Extracted material:
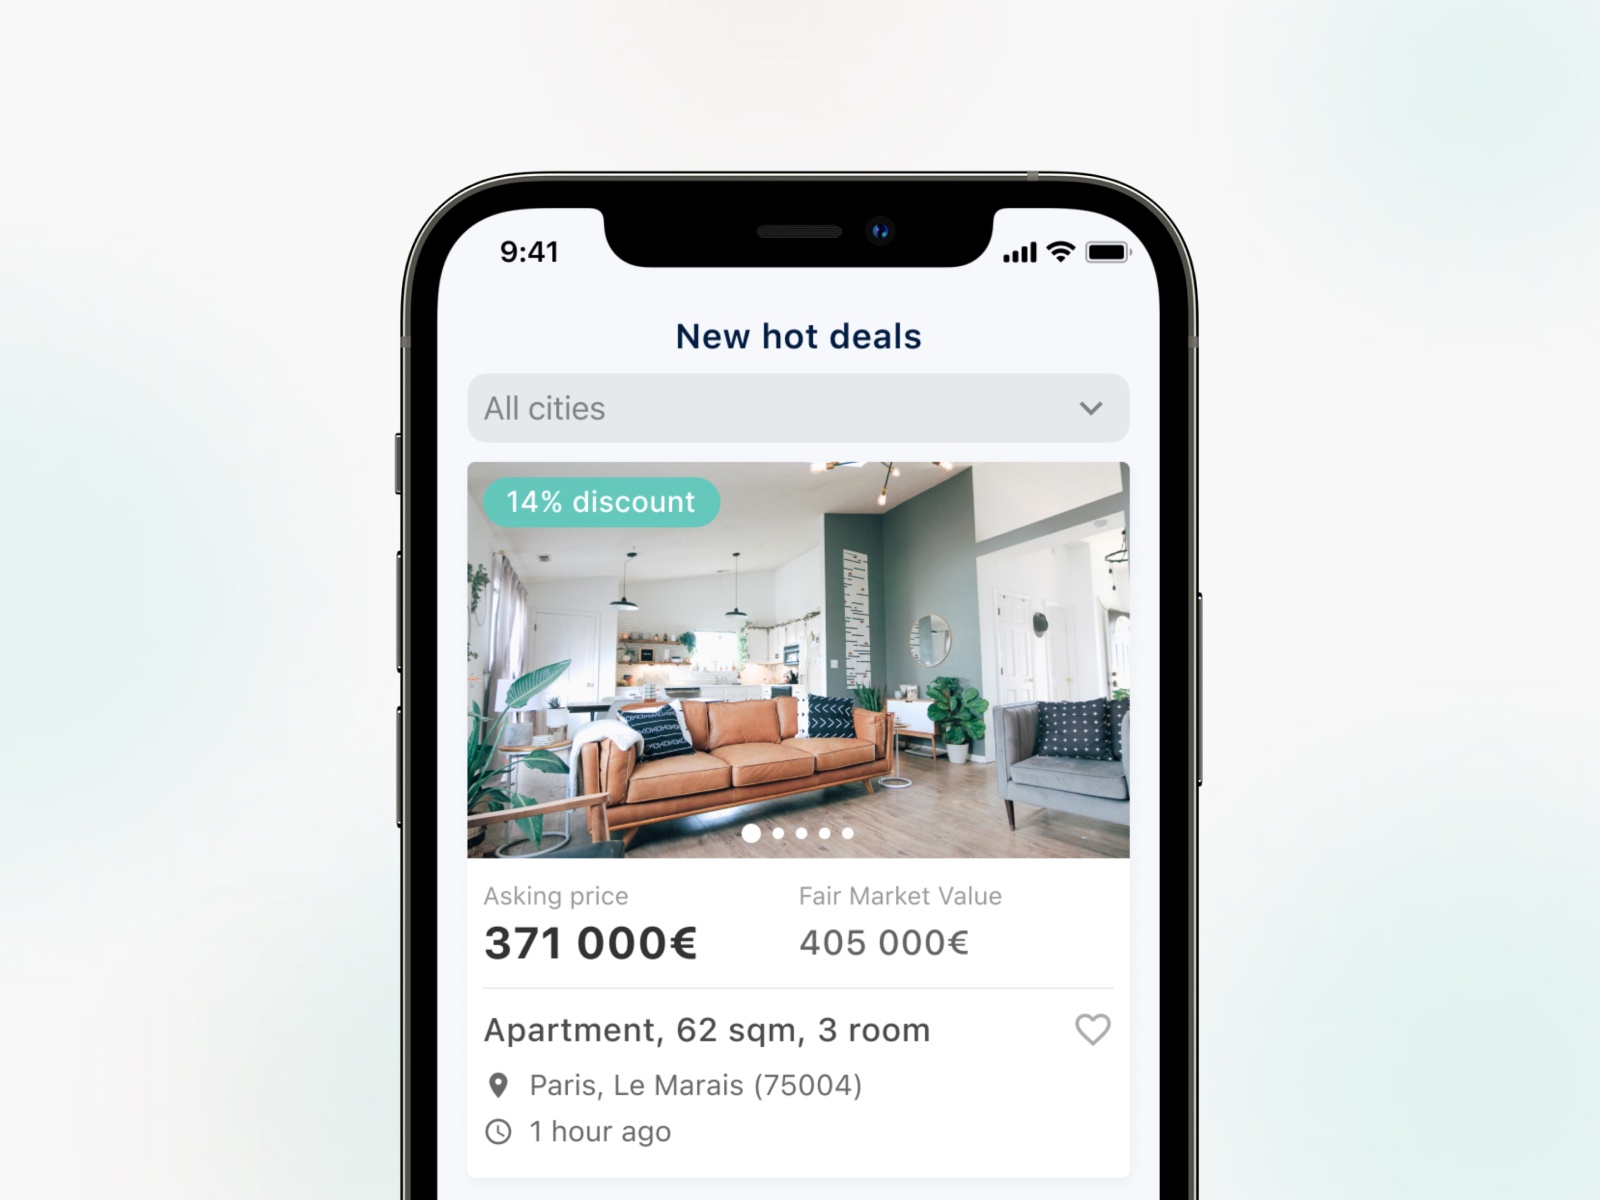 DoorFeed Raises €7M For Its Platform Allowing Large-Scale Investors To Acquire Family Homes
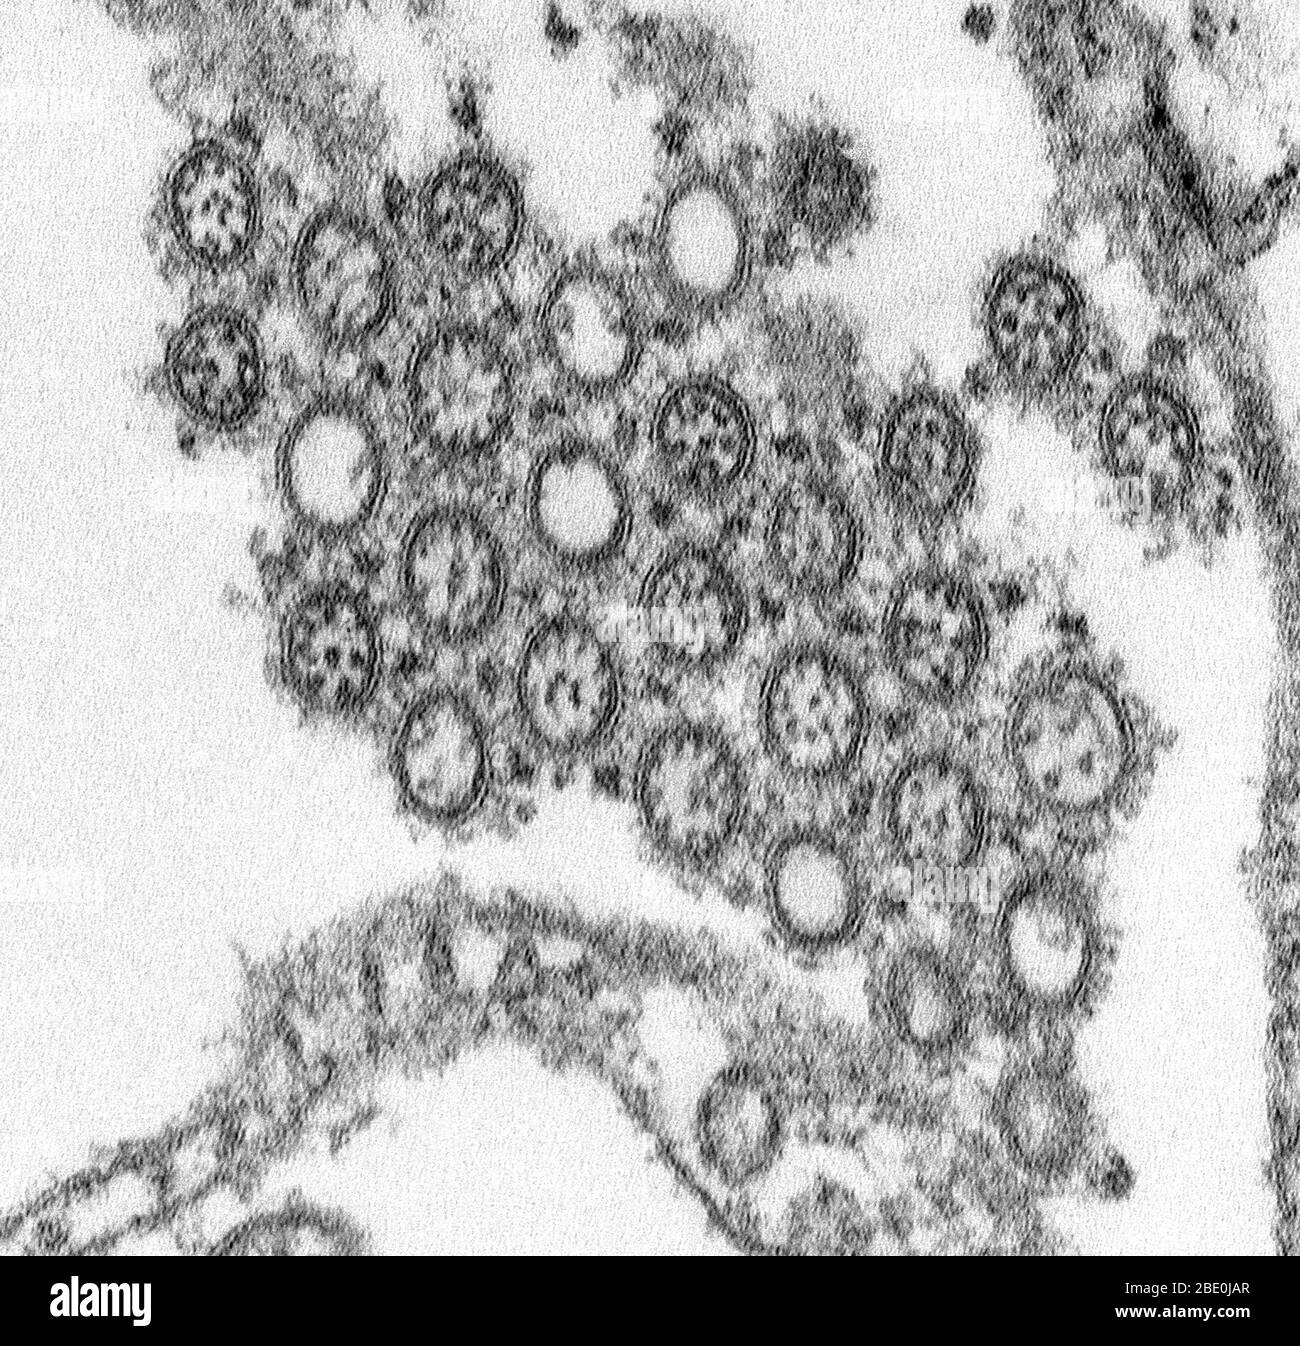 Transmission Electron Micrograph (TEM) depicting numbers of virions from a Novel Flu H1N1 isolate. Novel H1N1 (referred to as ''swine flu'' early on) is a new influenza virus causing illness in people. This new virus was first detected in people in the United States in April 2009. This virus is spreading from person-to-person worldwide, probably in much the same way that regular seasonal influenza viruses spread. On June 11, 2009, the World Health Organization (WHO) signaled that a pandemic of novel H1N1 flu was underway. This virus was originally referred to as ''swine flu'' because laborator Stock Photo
---
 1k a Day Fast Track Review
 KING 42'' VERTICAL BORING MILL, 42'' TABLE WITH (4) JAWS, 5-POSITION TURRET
...
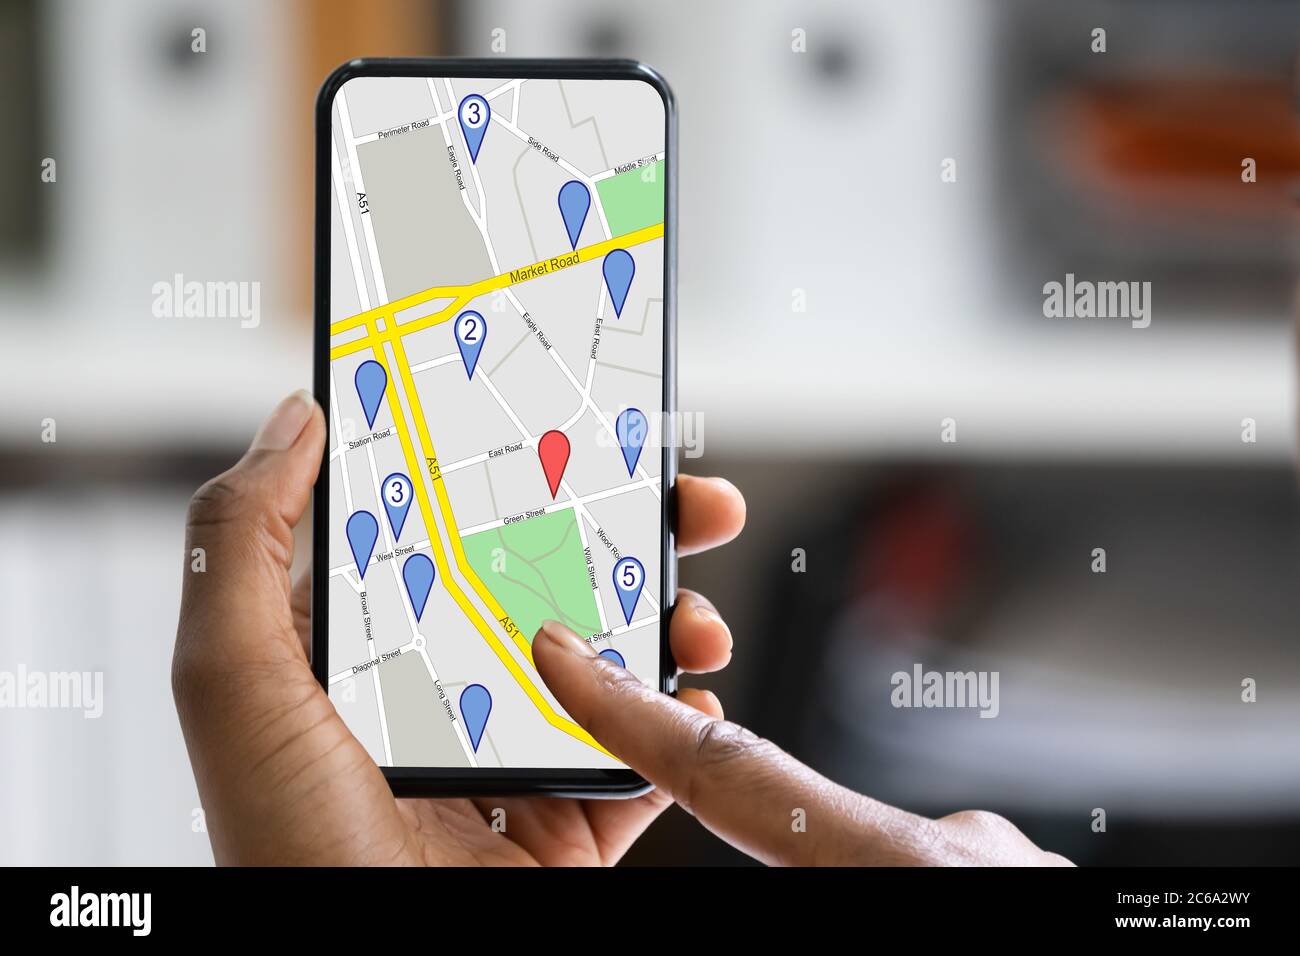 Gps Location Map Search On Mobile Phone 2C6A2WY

Exercise requirements: Take the material above and output only the lines from the one that contains "DoorFeed Raises €7M" through the one that contains "Transmission Electron Micrograph", ends included and images left out.

Reply to the exercise:
 DoorFeed Raises €7M For Its Platform Allowing Large-Scale Investors To Acquire Family Homes
 Transmission Electron Micrograph (TEM) depicting numbers of virions from a Novel Flu H1N1 isolate. Novel H1N1 (referred to as ''swine flu'' early on) is a new influenza virus causing illness in people. This new virus was first detected in people in the United States in April 2009. This virus is spreading from person-to-person worldwide, probably in much the same way that regular seasonal influenza viruses spread. On June 11, 2009, the World Health Organization (WHO) signaled that a pandemic of novel H1N1 flu was underway. This virus was originally referred to as ''swine flu'' because laborator Stock Photo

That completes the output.